Muluskan ITF, Pemprov DKI Dorong Revisi Perda Pengelolaan Sampah

Pemprov DKI Jakarta ajukan revisi atas Peraturan Daerah (Perda) No. 3/2013 tentang Pengelolaan Sampah.
Muhamad Wildan
Muhamad Wildan - Bisnis.com 24 Juni 2019  |  19:06 WIB
Muluskan ITF, Pemprov DKI Dorong Revisi Perda Pengelolaan Sampah
Petugas membersihkan sampah di Danau Sunter, Jakarta Utara, pada Jumat (29/6/2018). - Antara/Wahyu Putro

Bisnis.com, JAKARTA - Pemprov DKI Jakarta mengajukan revisi atas Peraturan Daerah (Perda) No. 3/2013 tentang Pengelolaan Sampah untuk memuluskan proyek sampah dengan konsep ITF (intermediate treatment facility ) Sunter yang dikerjakan oleh PT Jakarta Propertindo (Jakpro)

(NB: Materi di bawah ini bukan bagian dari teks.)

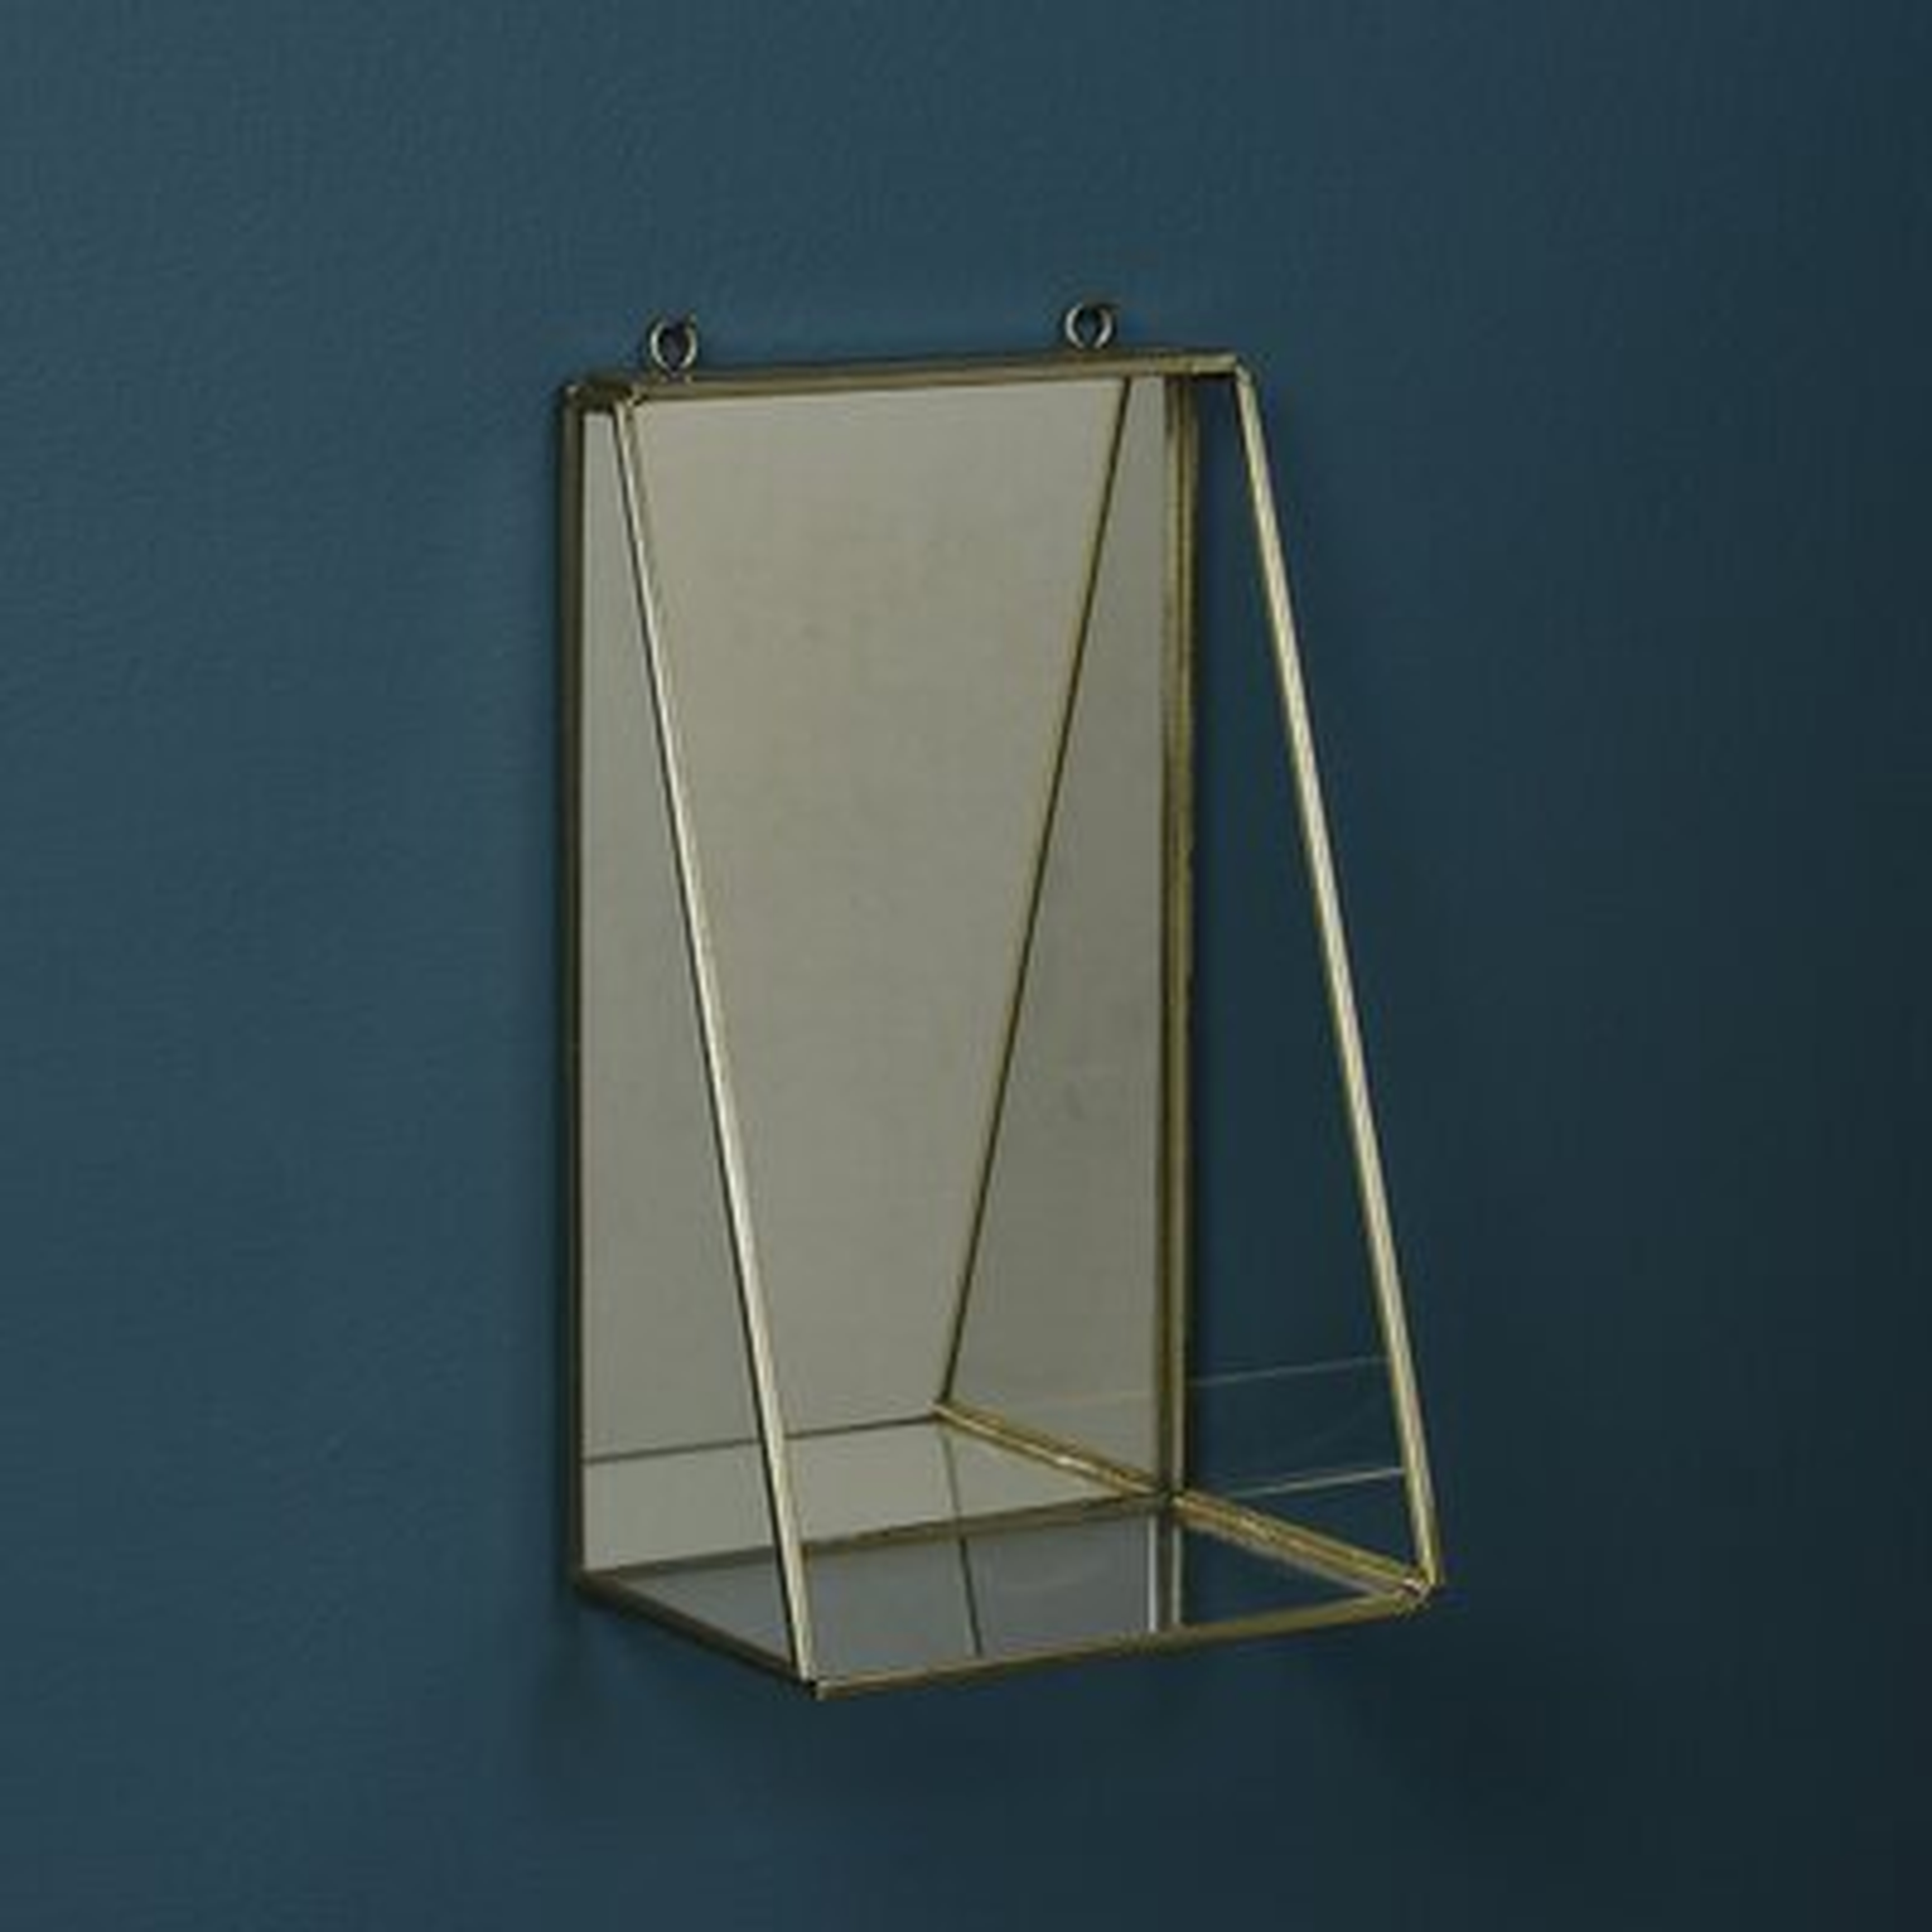 Paradis Glam Accent Mirror with Shelves - Wayfair

Gubernur DKI Jakarta Anies Baswedan menuturkan bahwa urgensi dari revisi regulasi ini daya tampung Tempat Pengelolaan Sampah Terpadu (TPST) Bantar Gebang yang telah beroperasi 30 tahun.

TPST Bantar Gebang memiliki kapasitas mencapai 49 juta ton sampah dan saat ini telah menampung sampah kurang lebih 39 juta ton atau 80% dari kapasitasnya.

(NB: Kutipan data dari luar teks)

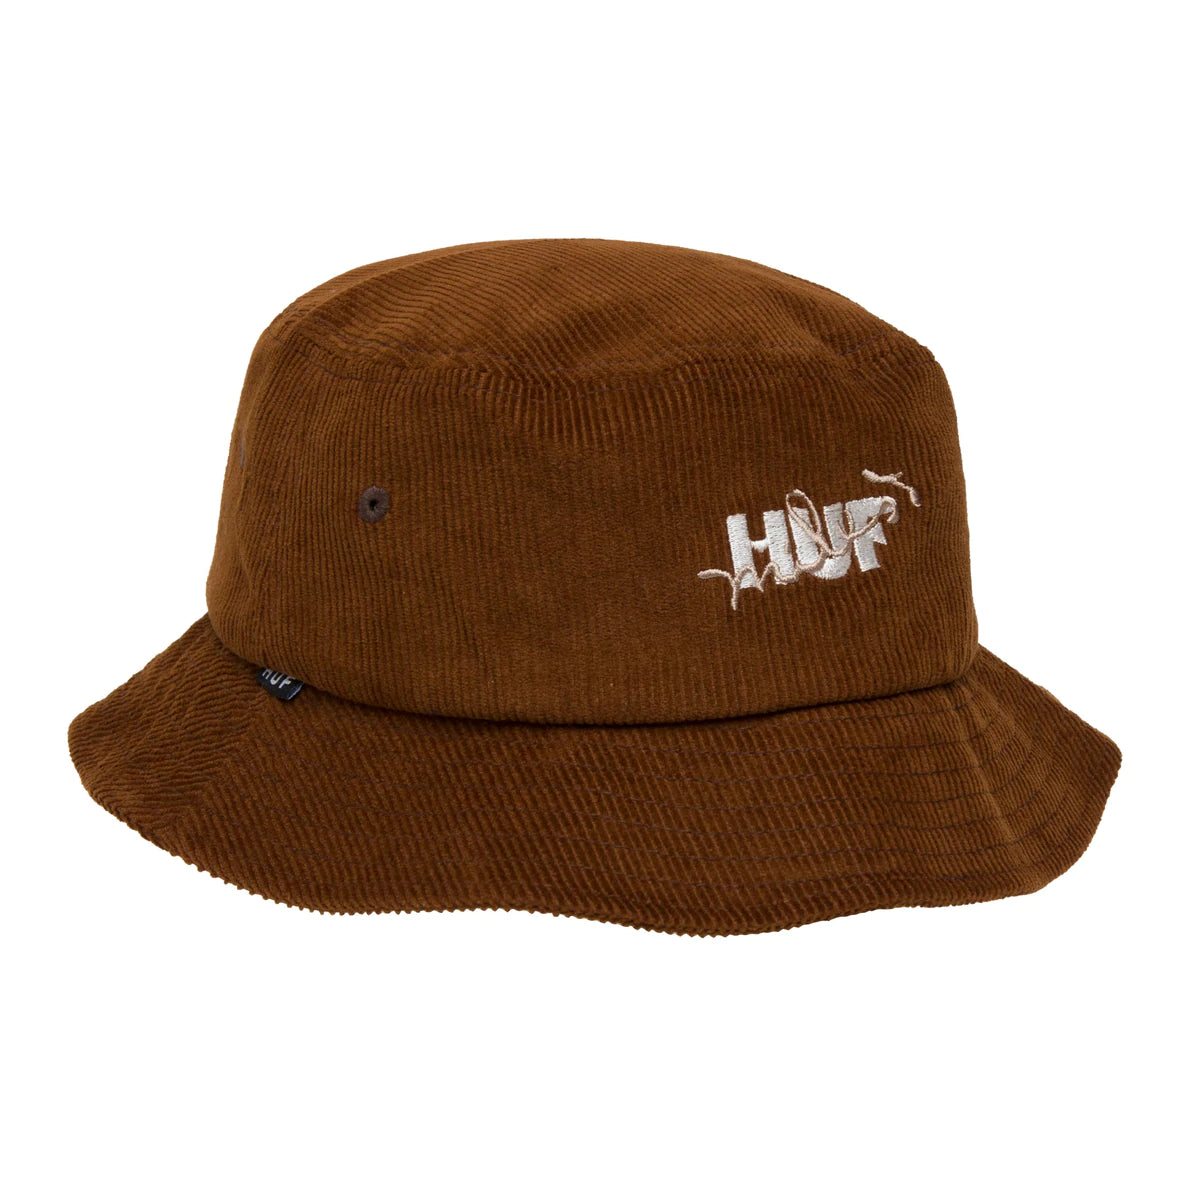 Huf - Get Up With It Cord Bucket Hat

Rata-rata volume sampah yang dikirimkan dari Jakarta menuju TPST Bantar Gebang pada 2018 mencapai 7.452,6 ton per harinya.

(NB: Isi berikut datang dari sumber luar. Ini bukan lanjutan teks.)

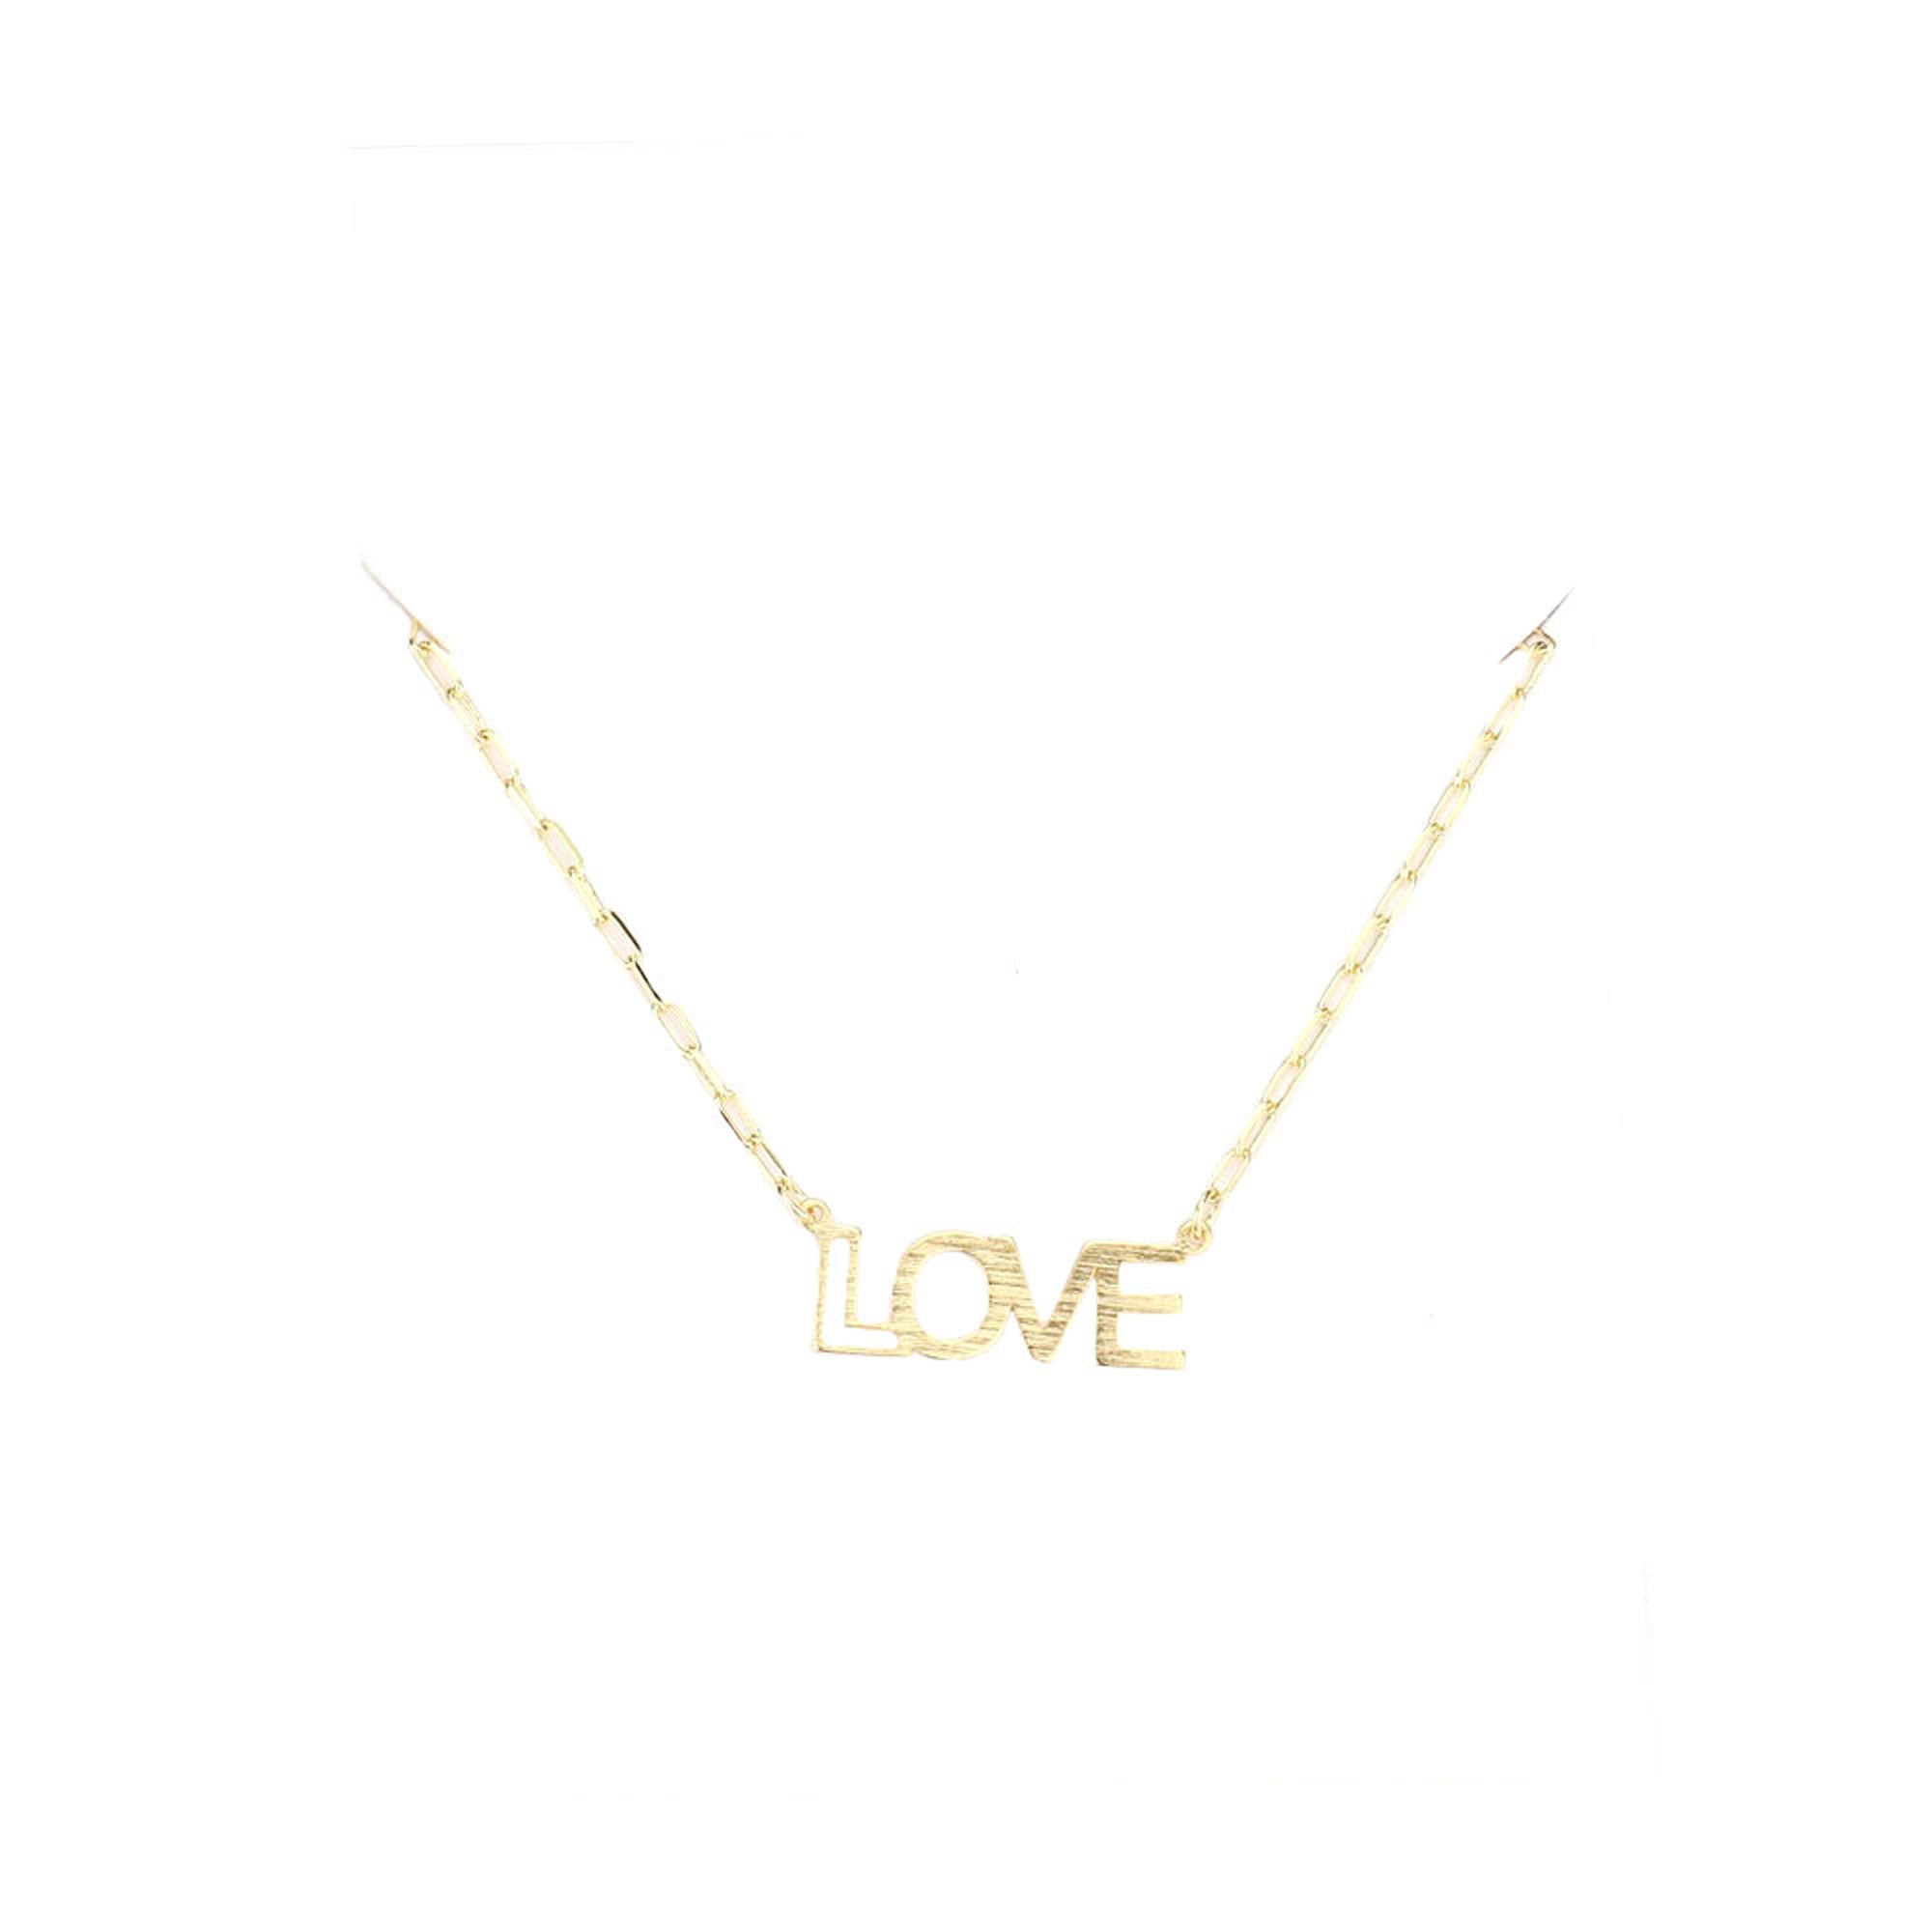 Gold LOVE Brass Metal Message Pendant Necklace, Get ready with these Message Pendant Necklace, put on a pop of color to complete your ensemble. Perfect for adding just the right amount of shimmer & shine and a touch of class to special events. Perfect Birthday Gift, Anniversary Gift, Mother's Day Gift, Graduation Gift.

Dengan ini, diperkirakan daya tampung TPST Bantar Gebang akan mencapai batas maksimal pada 2021.

Oleh karen itu, melalui revisi perda tersebut bakal dibentuk fasilitas pengolahan sampah antara (FPSA) yang diharap mampu mereduksi sampah yang diproduksi oleh Jakarta hingga 80%.

Mengingat diperlukannya biaya untuk mengolah sampah, terminologi baru yaitu biaya layanan pengolahan sampah (BLPS) juga diusulkan untuk dimasukkan dalam perda tersebut. BLPS akan dimasukkan ke dalam bagian pendanaan pengelolaan sampah.

Selain itu, revisi perda ini juga dimaksudkan agar Pemprov DKI Jakarta dapat melakukan kerja sama dengan pihak lain dalam pengadaan dan pengoperasian sampah antara baik itu dengan BUMD maupun swasta.

Gubernur DKI Jakarta Anies Baswedan menuturkan revisi perda ini dibutuhkan untuk mengakomodir komponen pembiayaan terkait dengn pengelolaan ITF Sunter yang dikerjakan oleh PT Jakarta Propertindo (Jakpro).

Perda yang ada sekarang masih belum mengakomodir keberadaan ITF tersebut. "Dengan adanya ITF ini pengelolaan sampah menjadi energi dibutuhkan payung hukum dan Nanti dengan adanya perda ini maka kita bisa mempercepat realisasi kerja sama ITF yang lain-lain," ujar Anies, Senin (24/6/2019).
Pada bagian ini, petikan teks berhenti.